Лето проходило. Аврора ездила к матери в Курляндию и возвратилась. Мы ее нетерпеливо ждали и разучили ко встрече ее новый вальс Шопена. Аврора приехала несколькими днями раньше, чем обещала, но нимало не поправилась, а даже как будто похудела и имела вид «грозный». Мы так над нею шутили, и она шутила и улыбалась, но потом через минуту ее очаровательное детское лицо опять становилось «грозно». Она стала как будто уединяться, и осенью, когда уже с деревьев сыпались листья, не позволяла снять качель и своего гамака, в котором она всегда любила лежать и качаться, как индианка. На участливые вопросы Лины, отчего она стала держать себя несколько странно, Аврора долго не отвечала, а потом один раз сказала:

– Не спрашивай меня: у меня есть предчувствия.

– Какие?

– Ах, вот ты как любопытна! Я боюсь, что дождь повредил шнурки моего гамака, и он оборвется.
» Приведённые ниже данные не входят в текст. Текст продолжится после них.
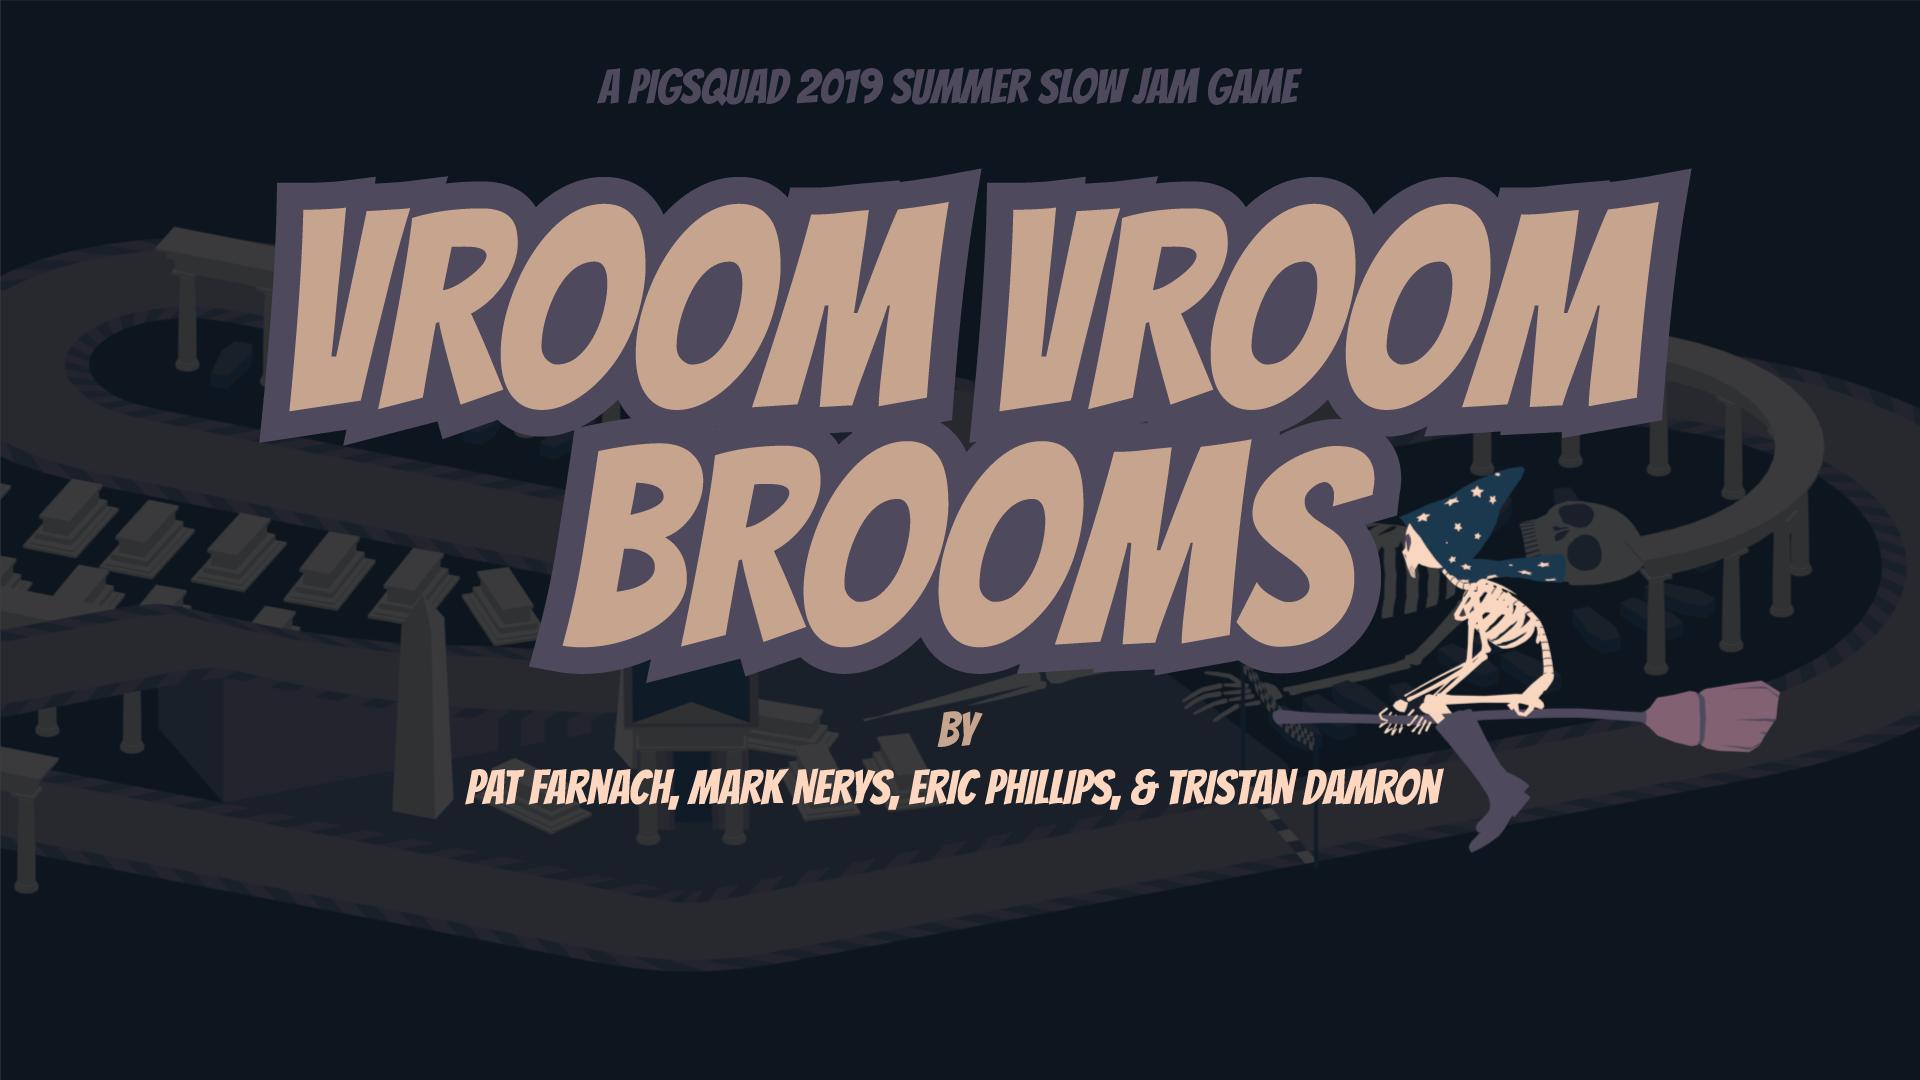 Vroom Vroom Brooms

И она с этим так сильно повернулась в гамаке, что выпала из него на землю и до слез больно подвихнула себе ногу.

Это произвело в доме тревогу, и мы целые сутки клали лед к больной ноге Авроры; а через несколько дней она стала ходить с палочкой, причем в ее фигуре и походке обнаружилось чрезвычайно большое сходство с покойной бабушкой. Оно было так велико, что сначала всех нас удивило и заставило улыбаться, а потом показалось и поразительным.
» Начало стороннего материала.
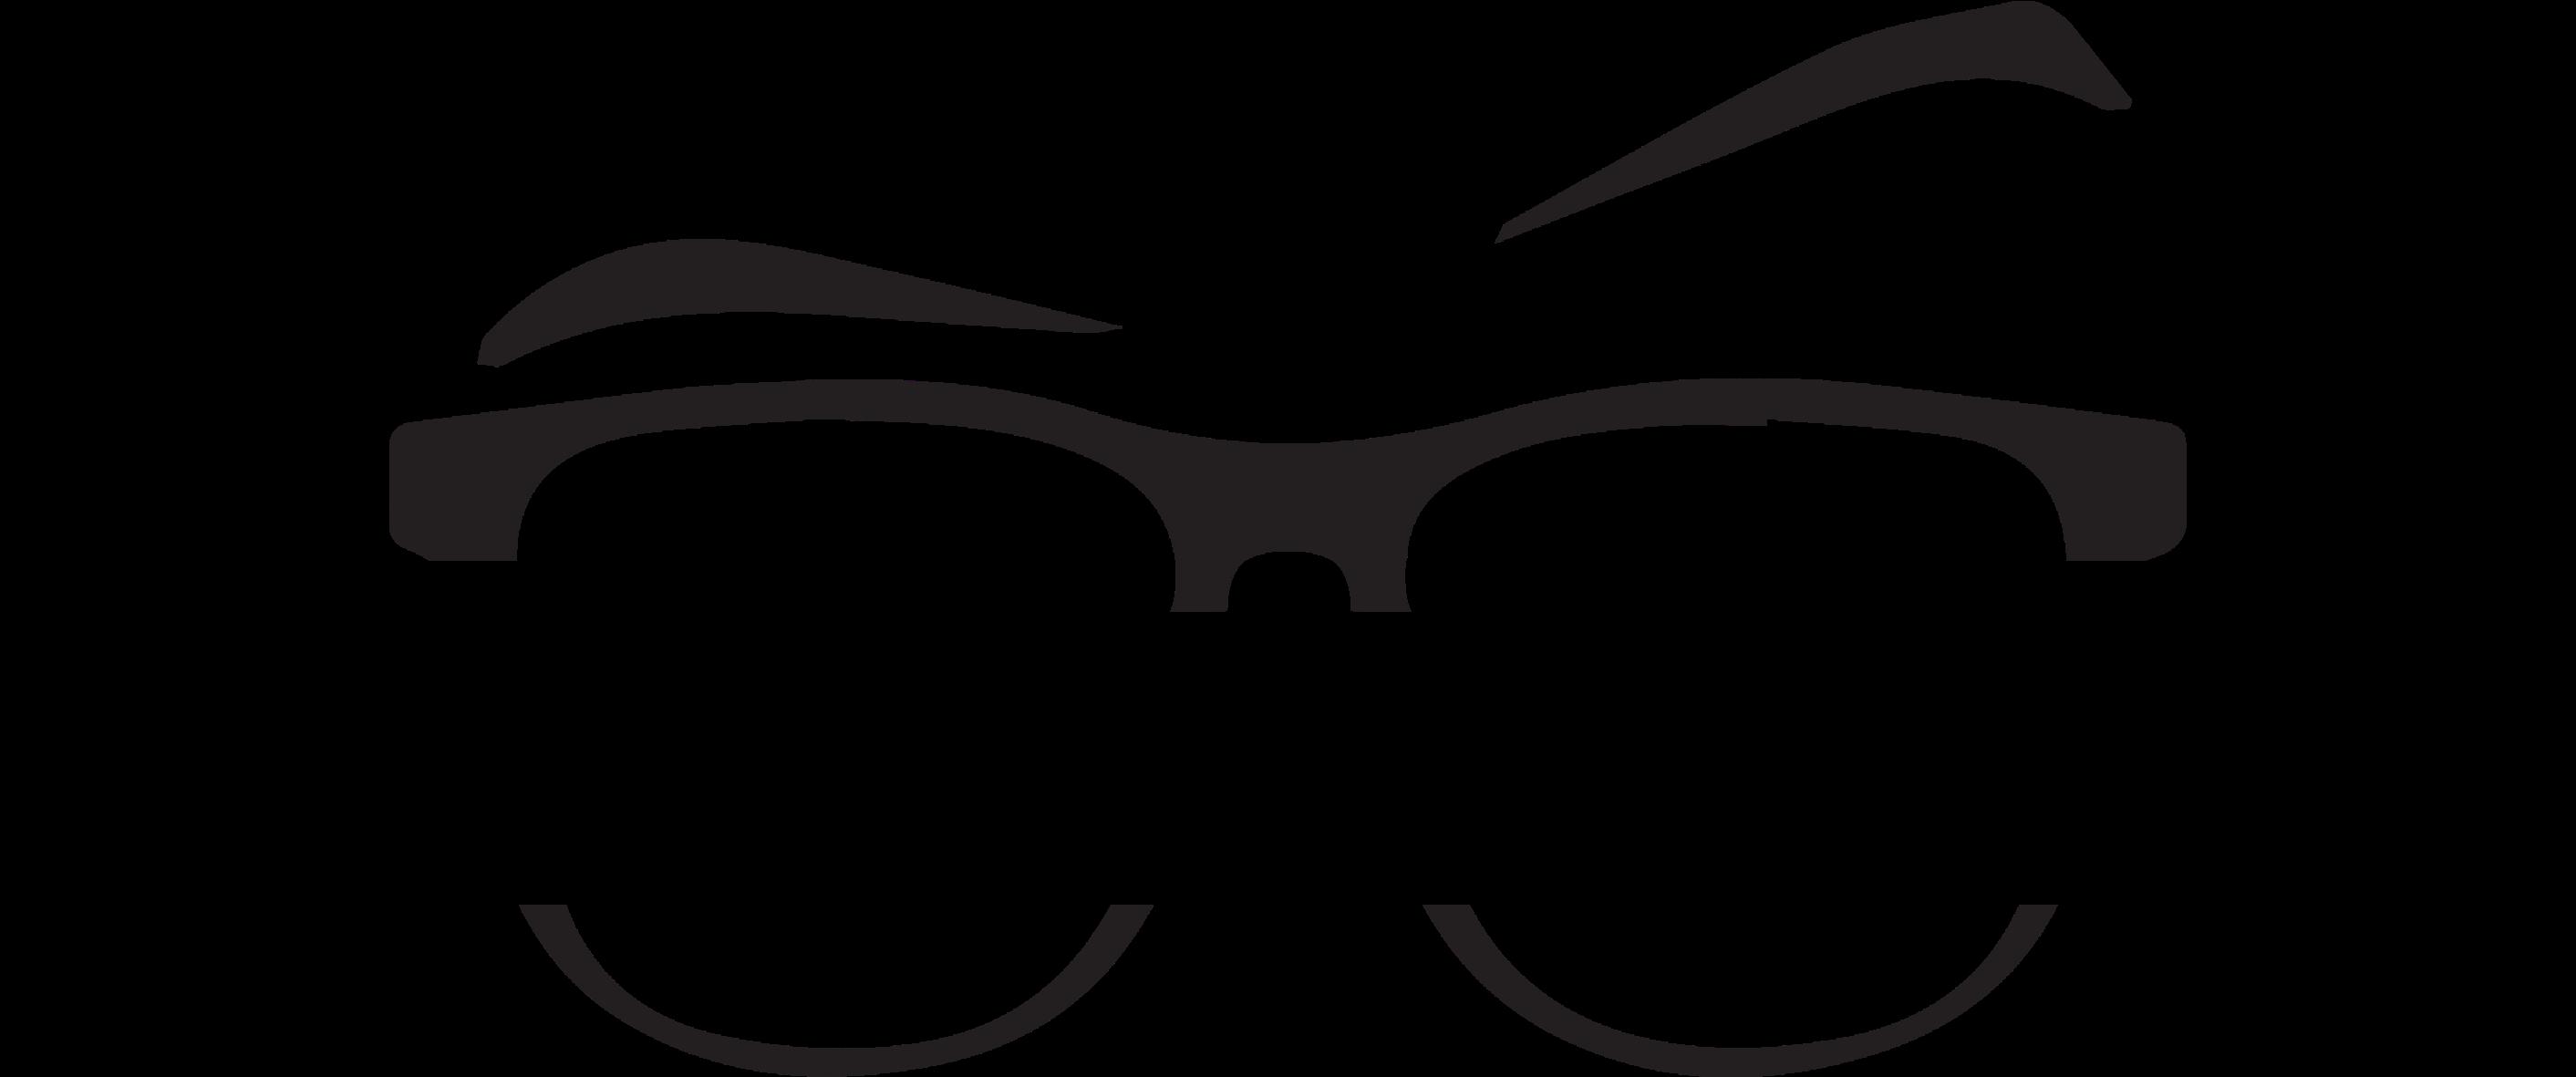 Free Big Glasses Cliparts, Download Free Clip Art, Free Clip Art on Clipart  Library

– Вот видишь, – говорила Авроре Лина, – не я, а ты будешь похожа на бабушку.

– Да, я похожа, но только наружно, а ты внутренно: у тебя прекрасное сердце, а у меня – злое. Ты вестник жизни и свободы, – я вестник смерти и неволи. Я деспот.

Лина и я рассмеялись, Аврора же продолжала быть веселою и в самый этот день действительно сделалась «вестником смерти».
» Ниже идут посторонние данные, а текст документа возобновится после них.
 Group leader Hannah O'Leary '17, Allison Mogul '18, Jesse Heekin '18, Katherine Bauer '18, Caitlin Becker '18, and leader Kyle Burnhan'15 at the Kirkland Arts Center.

Я никогда не забуду этого важнейшего дня в моей жизни. Он был день свежий и ясный. Солнце ярко обливало своим сверканьем деревья, на полуобнаженных ветвях которых слабо качались пожелтевшие и озолотившиеся листья, в гроздах красной рябины тяжело шевелились ожиревшие дрозды. Баронессы и Лины не было дома, служанка работала на кухне, Аврора качалась с книгою в руках в своем гамаке, а я составлял служебный отчет в своей комнате. Ради прекрасного дня окна в сад у меня были открыты.

Сильно занятый вычислениями, я слышал среди работы, что как будто стукнул молоток у запертой входной двери, а потом как будто мимо окон промелькнула стройная фигурка Авроры. Я подумал, что, вероятно, некому отпереть двери, и Аврора сама пошла это сделать. Конечно, было бы вежливее, если бы я ее предупредил, но мне было некогда, я сводил сложное вычисление и сейчас же опять в него погрузился.

Однако мне в этот раз не суждено было кончить мою работу, потому что в окно ко мне влетело и прямо упало на стол письмо в траурном конверте, с очень резкими и, как мне показалось, чрезмерно широкими черными каймами по краям и крест-накрест.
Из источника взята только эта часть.